Reports per-session OpenAI Codex CLI usage to JaGit.

Readme

@jagit/hook-codex

Reports per-session OpenAI Codex CLI usage to JaGit.

Setup

Codex has no built-in hook mechanism, so install a shell function that wraps the real codex binary and reports after each session ends:

codex() {
  command codex "$@"
  local status=$?
  npx -y @jagit/hook-codex >/dev/null 2>&1 || true
  return $status
}

Add that function to your shell rc (~/.zshrc, ~/.bashrc, etc.) — it must appear before any alias/PATH entry that would otherwise shadow it. On exit, the reporter locates the most-recently-modified file under ~/.codex/sessions/**/*.jsonl, parses it, and posts the session summary. Uninstall by removing the shell function.

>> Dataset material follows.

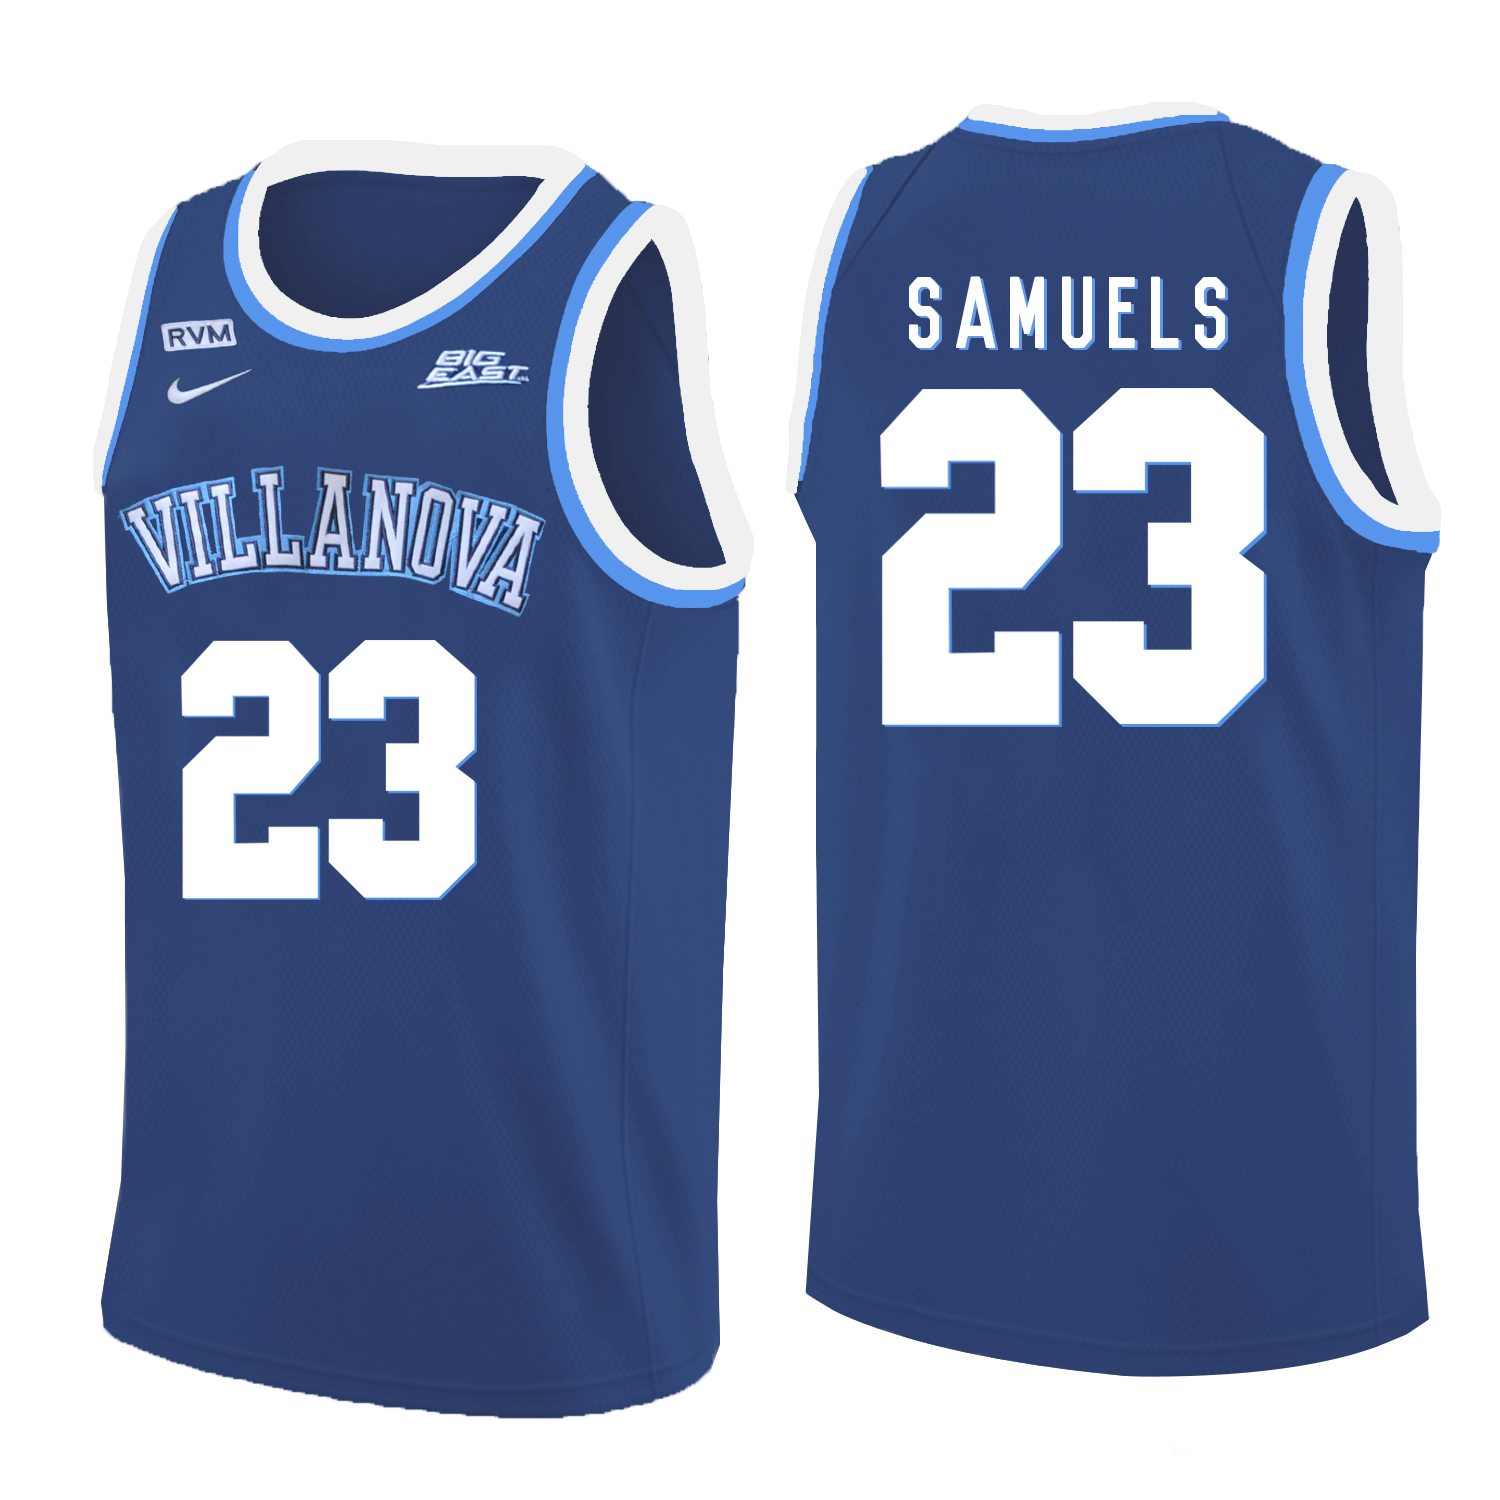 Villanova Wildcats 23 Jermaine Samuels Blue College Basketball Jersey

For a permanent binary instead of npx -y: npm i -g @jagit/hook-codex, then call jagit-hook-codex in the wrapper.

You can also point the reporter at a specific transcript:

jagit-hook-codex --file ~/.codex/sessions/2026/06/20/rollout-...jsonl

Environment

export JAGIT_BASE_URL="https://your-jagit-host"
export JAGIT_API_KEY="<your DASHBOARD_API_TOKEN>"

Identity defaults to git config user.email (read from the session's cwd); override with JAGIT_GIT_USERNAME.

Notes

  • Token counts are cumulative per Codex session; the reporter reads the last non-null token_count event, not a sum across events.
  • costUsd is always null — Codex JSONL logs do not expose a cost field.